The rail industry and the Government must therefore stand firm on ATP, given that its cost per life saved is likely to be well over £10m if TPWS is fitted in time. Certainly, if there is another SPAD-related accident, it will be terrible for the industry. As I stressed in this column recently (RAIL 392), however, the next major accident is very likely to have some totally different cause. After all, we only just missed one which had the potential of being as disastrous as Clapham or Ladbroke Grove. This was in September when the 1800 Midland Mainline St Pancras-Sheffield train was derailed at Attenborough Junction in Nottinghamshire at 80mph by debris left on the line by vandals. The Turbostar stayed upright but came to a stop 500 yards further on with the front coach resting on the opposite tracks. Ninety seconds earlier, the train would have smashed straight into a London-bound HST, also travelling at 80mph. What would all the safety campaigners have said about that, especially as the perfectly justifiable concentration on preventing SPADs, as I pointed out, has taken inspectors away from other work, notably on vandalism?
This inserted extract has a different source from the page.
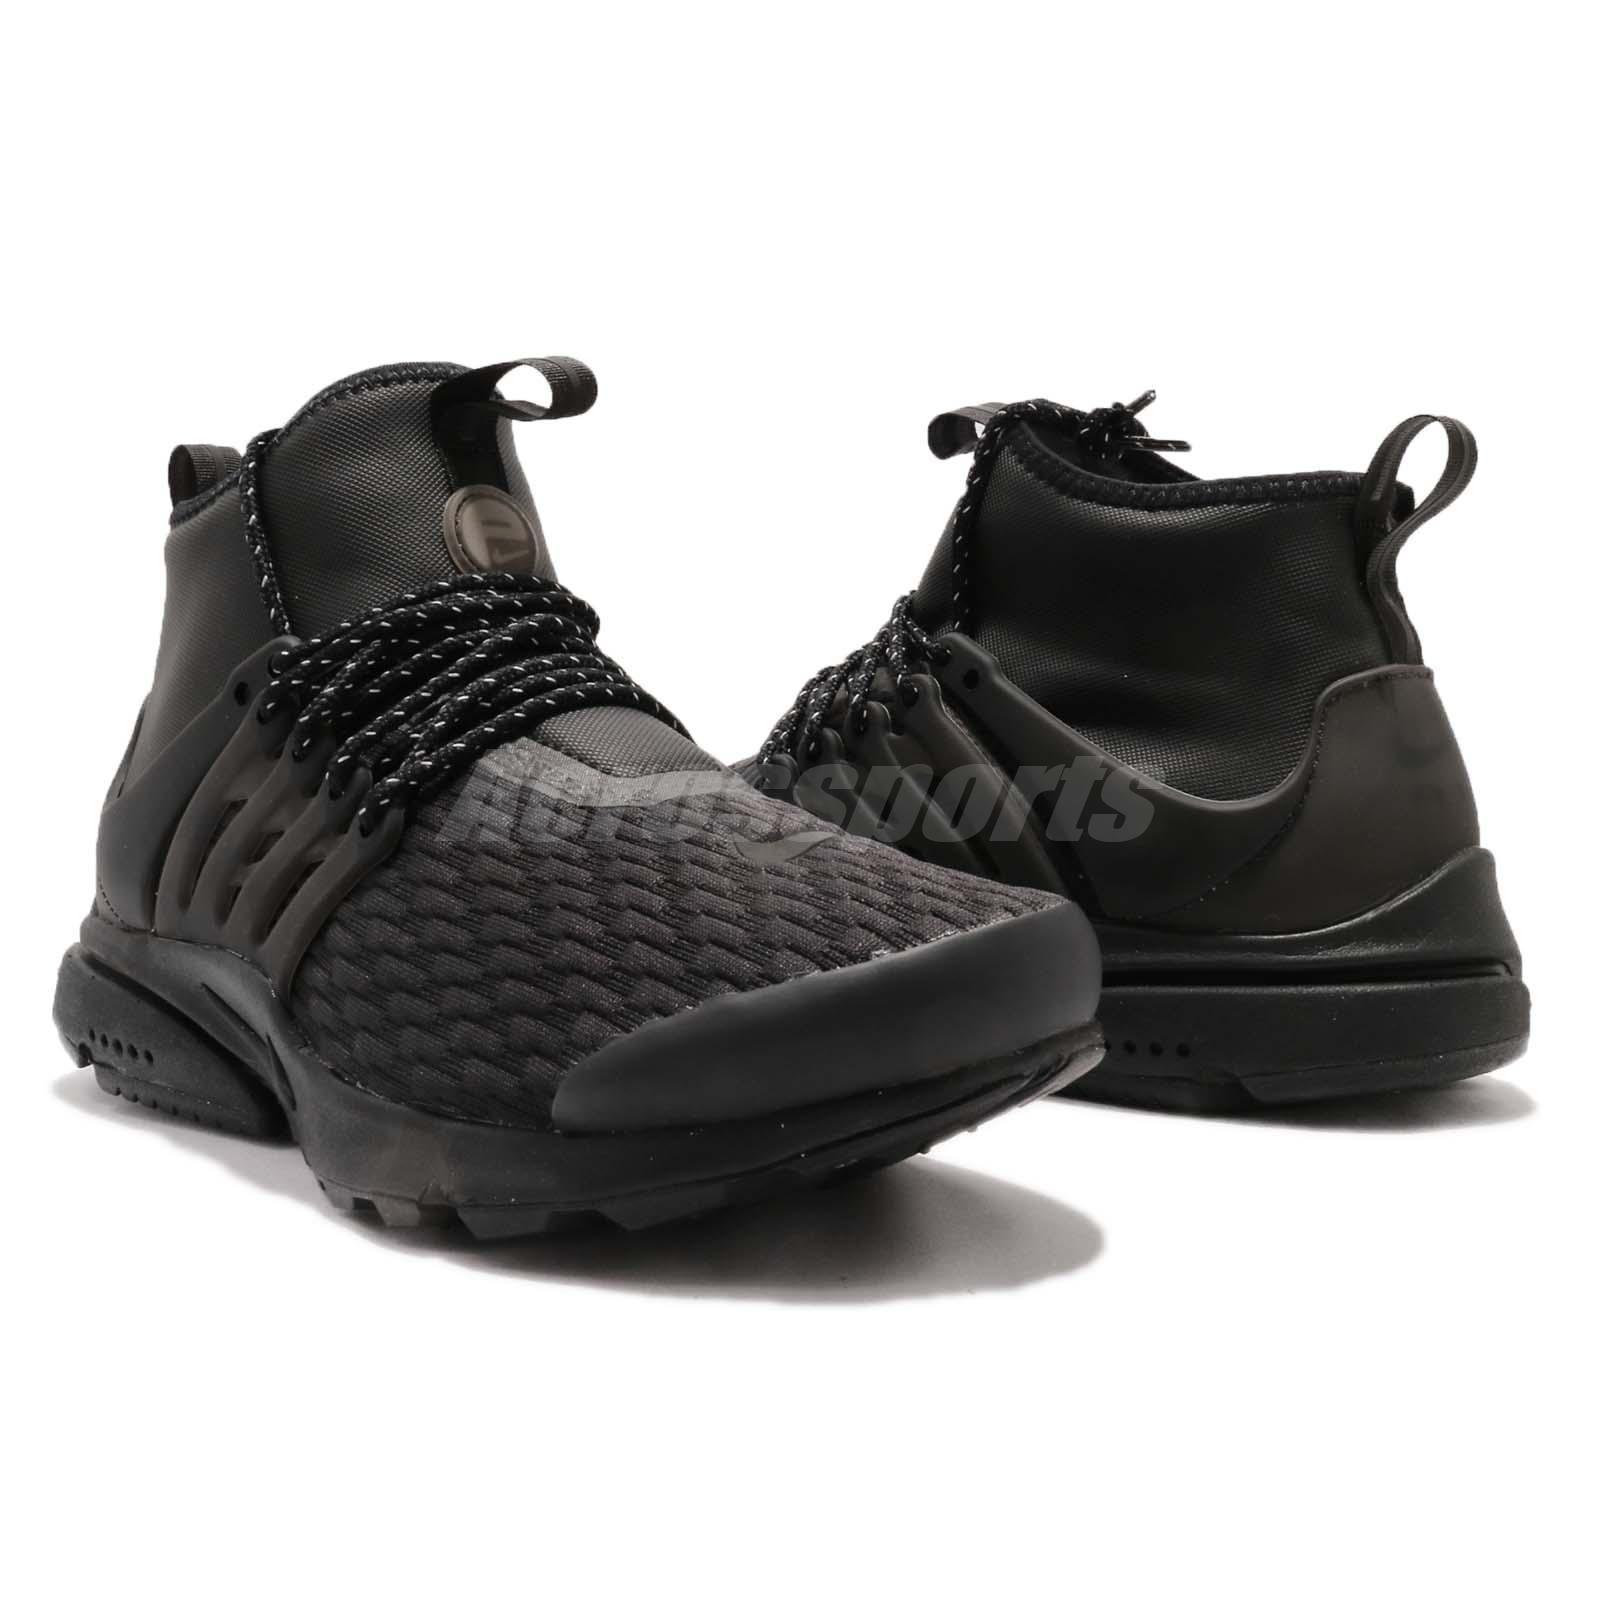 info for 5cb96 2245e Nike Wmns Air Presto Mid Utility PRM Black Womens Casual Shoes ...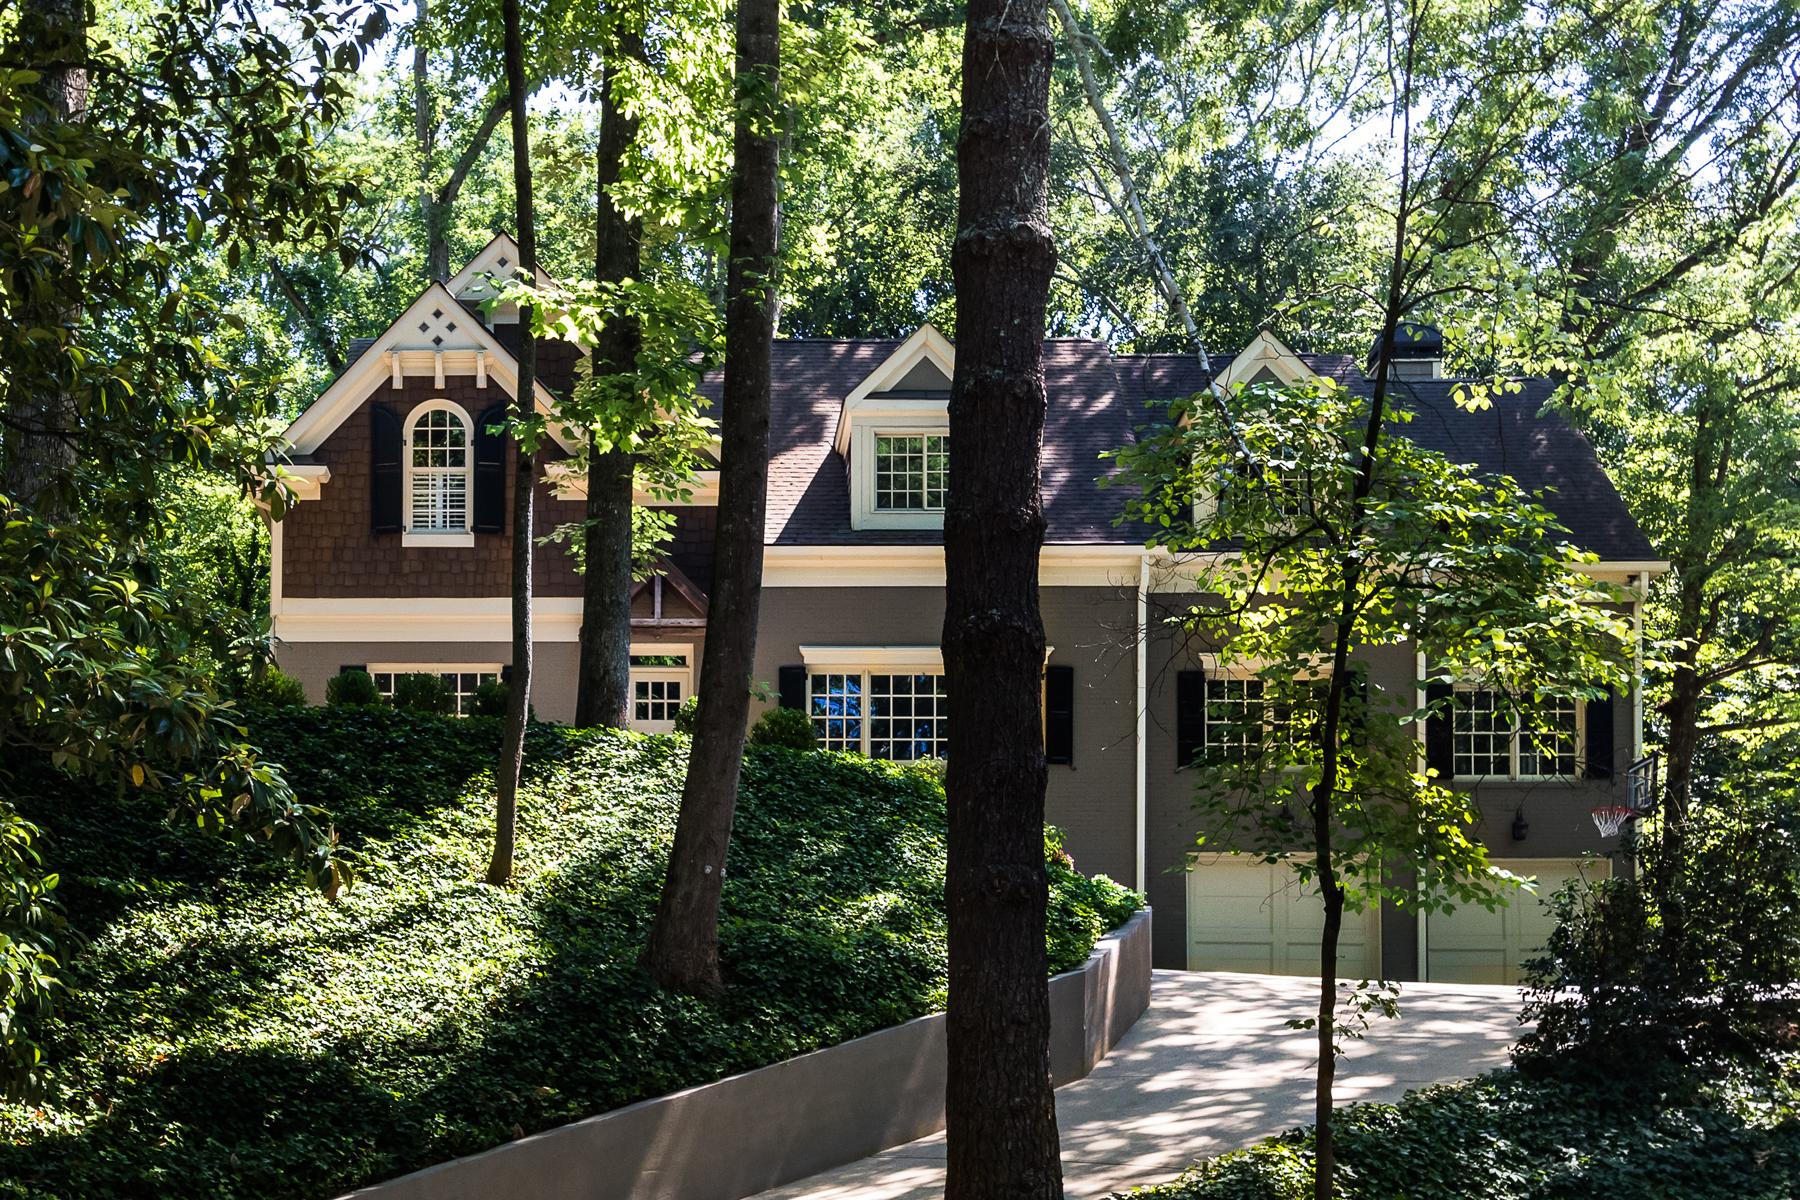 Single Family Home for Sale at Flawless Renovation In Sarah Smith 3996 Land O Lakes Drive NE Atlanta, Georgia, 30342 United States

In the event, the decision on ATP is in the hands of Lord Cullen and Professor Uff, whose joint report will make recommendations about what safety system to adopt, and neither the industry nor the Government will be able to ignore them – as happened after Clapham. Cullen is a canny fellow who is not scared to upset vested interests, as he did when he reported on the Piper Alpha disaster, but also independent enough to stand up to the hordes howling for ‘ATP now’ who, incidentally, rather remind me of those demonstrators in the 1980s shouting ‘Maggie, Maggie, Maggie, out, out, OUT!’ Never has the future of the rail industry been so dependent on the views of two outsiders.

In answer to the campaigners, the first myth to dispel is that the railway companies have done nothing in the past year to improve safety. That is patently wrong. While Gerald Corbett, Railtrack’s Chief Executive, has banged on a bit too much about how there is so much more investment going into the railways, he has been right to point to improved procedures in dealing with signals where there have been multiple SPADs, the speeded-up programme to introduce TPWS and the reduction in broken rails.

Secondly, the notion that after all the fuss is over, railway managers will simply go back to their old ways is wrong-headed. To take one example. Under new regulations which come into force at the end of this year, the safety cases of rail companies will not only have to set out how their operations will be safe, but, more important, how they will get safer year-on-year. That is a step-change which will force the industry to focus on safety in every aspect of its work.

Is this all being too kind to the railway companies? Probably not, but we will have to see what they do in the aftermath of the Cullen report, which is expected to be published in the middle of next year. Will they accept the criticism and even chop off a few heads if necessary, or will they adopt the bunker mentality which certainly seems to have been Thames’s hallmark over the past year? By then, many improvements should be clear to the passengers and they should be able to respond to any criticism robustly. If they are not able to do so, it will show they have failed to heed the lessons of Ladbroke Grove.

So, to answer the question posed at the top: yes, the railways probably are somewhat safer. But they already were the safest form of travel by a long way, so in a sense the question is an irrelevance. There are, however, several areas of concern. First, as the latest figures show, the performance of the railway is deteriorating sharply in terms of punctuality. Laterunning trains, as Gerald Corbett has explained to me in the past, mean more red signals and therefore more risk of SPADs. The deterioration is, too, potentially a result of a casual attitude which also increases risk.

The extra investment coming into the railway is, ironically, an added risk in the short term. More possessions and temporary signalling procedures is another risk factor. And we have the rise in vandalism already mentioned. So yes, Ladbroke Grove has resulted in some improvements, but there are dangers ahead as there always will be when you have large object moving around at 125mph.